The Act requires the directors of all PLCs regardless of size (other than investment companies), LTDs, DACs and guarantee companies of a certain size (balance sheet > €12.5m and turnover > €25m) to prepare a statement of compliance, called a Directors’ Compliance Statement. Unlimited companies are not subject to this requirement.


What is required?

Section 225 (2) requires four things to be covered in the directors’ report

  1. Directors must acknowledge their responsibility for securing compliance with the company’s “relevant obligations”.
  2. Directors must confirm that a compliance policy statement (appropriate to the company) is in place (or if not, explaining why not).
  3. Directors must confirm that appropriate arrangements or structures are in place designed to secure material compliance with the company’s “relevant obligations” (or if not, explaining why not).
  4. Directors must confirm a review of the arrangements or structure has taken place (or if not, explaining why not).


What are “relevant obligations”?

“Relevant obligations” in relation to a company, means the obligations under (a) the Act, where failure to comply with any such obligation would (were it to occur) be (i) a category 1 offence or a category 2 offence; (ii) a serious market abuse offence or serious prospectus offence; and (b) “tax law”.

It is worth noting that only two sections create category 1 offences of which there are 11, e.g. s.281 and s.286 – serious failures or breaches relating to the obligation to keep adequate accounting records.

There are 65 sections that create category 2 offences of which there are 95: e.g. s.239 (loans etc. to directors and connected persons).
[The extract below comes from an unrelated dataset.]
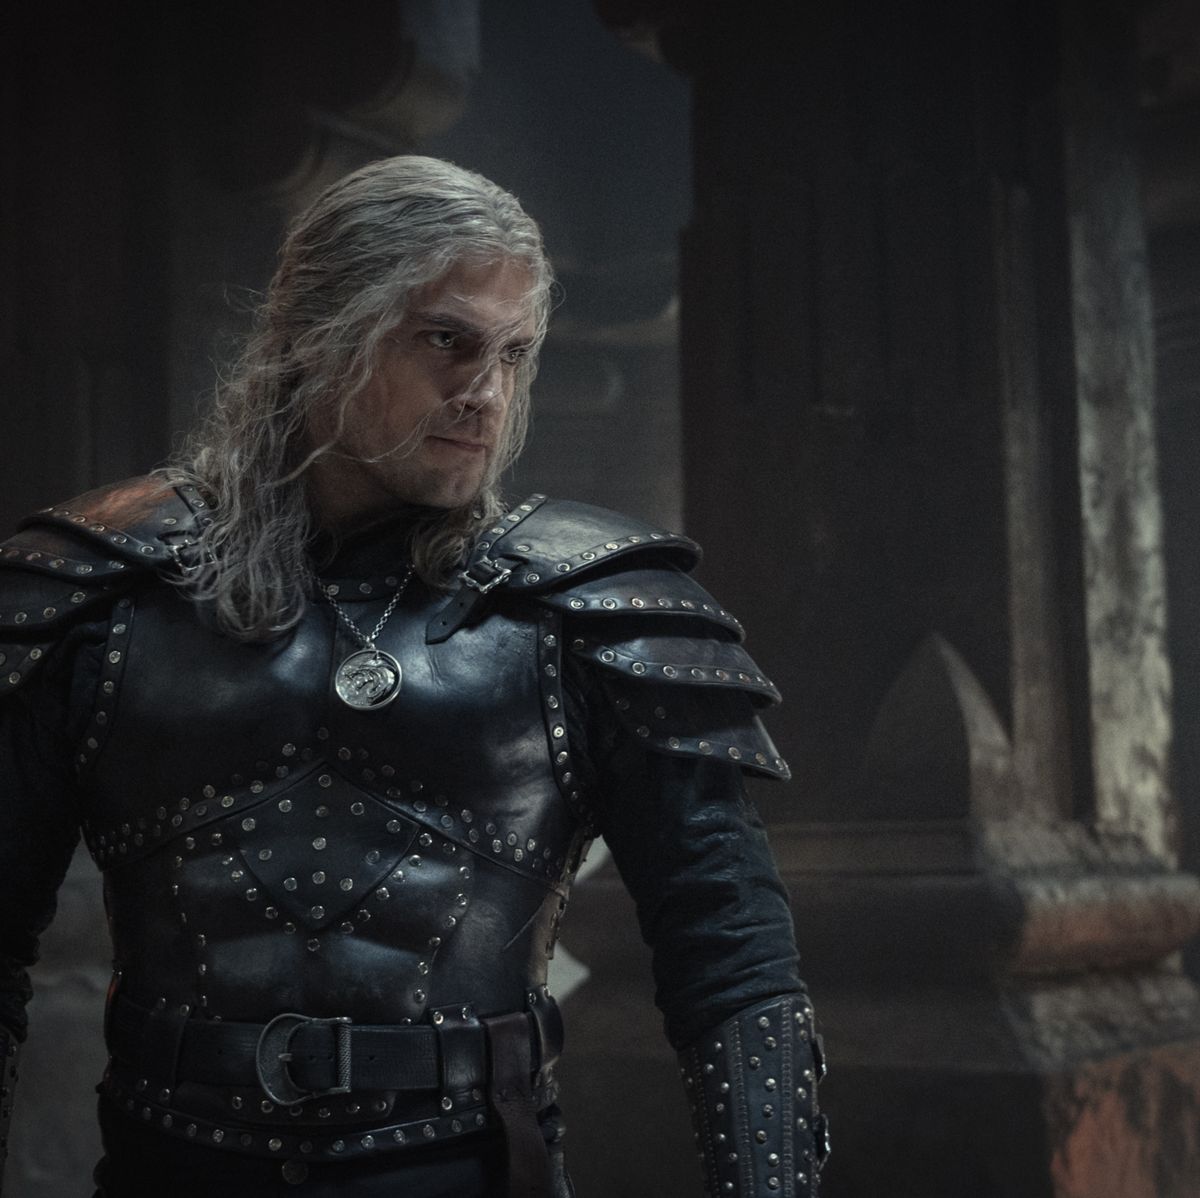 Netflix confirms there will be a third season of The Witcher - The Verge

The offences referred to as a serious market abuse offence or serious prospectus offence will not apply to LTDs but may be relevant to other company types that have listed securities.


What are the consequences of a breach?

A breach of section 225(2) will amount to a “Category 3” offence, which includes the possibility of imprisonment of up to 6 months and a fine of up to €5,000 for directors in default.



Given the very broad scope of “relevant obligations” as defined in the Act and the potential for personal liability, directors would be forgiven for thinking that the requirements in this area represent a daunting challenge.

As noted, the requirement to produce a compliance statement is on the basis of a “comply or explain” rule. In other words, it is not mandatory but where section 225 is applicable to a company, the directors will have to explain in their report why a compliance statement is not in place. Such an approach may not be appreciated by the company’s stakeholders.

Directors can take a degree of comfort from that the fact that section 225 envisages assistance from third parties. The requirement to put in place “appropriate arrangements or structures” includes seeking the advice of persons employed in the company or third party legal or tax advisors and such persons must have the “requisite knowledge and experience to advise the company on compliance with its relevant obligations”. Directors will need to ensure that transactions are closely monitored for legal and tax compliance on an ongoing basis. To do so, directors should ensure that throughout the financial year, accurate board minutes are kept and that transactions (and the advice relating to such transactions) are properly documented.

Finally, it is worth noting that companies in the UK are not obliged to produce a Directors’ Compliance Statement. This is something that may affect Ireland’s competitiveness in future as a place to do business.


The content of this article is provided for information purposes and does not constitute legal or other advice.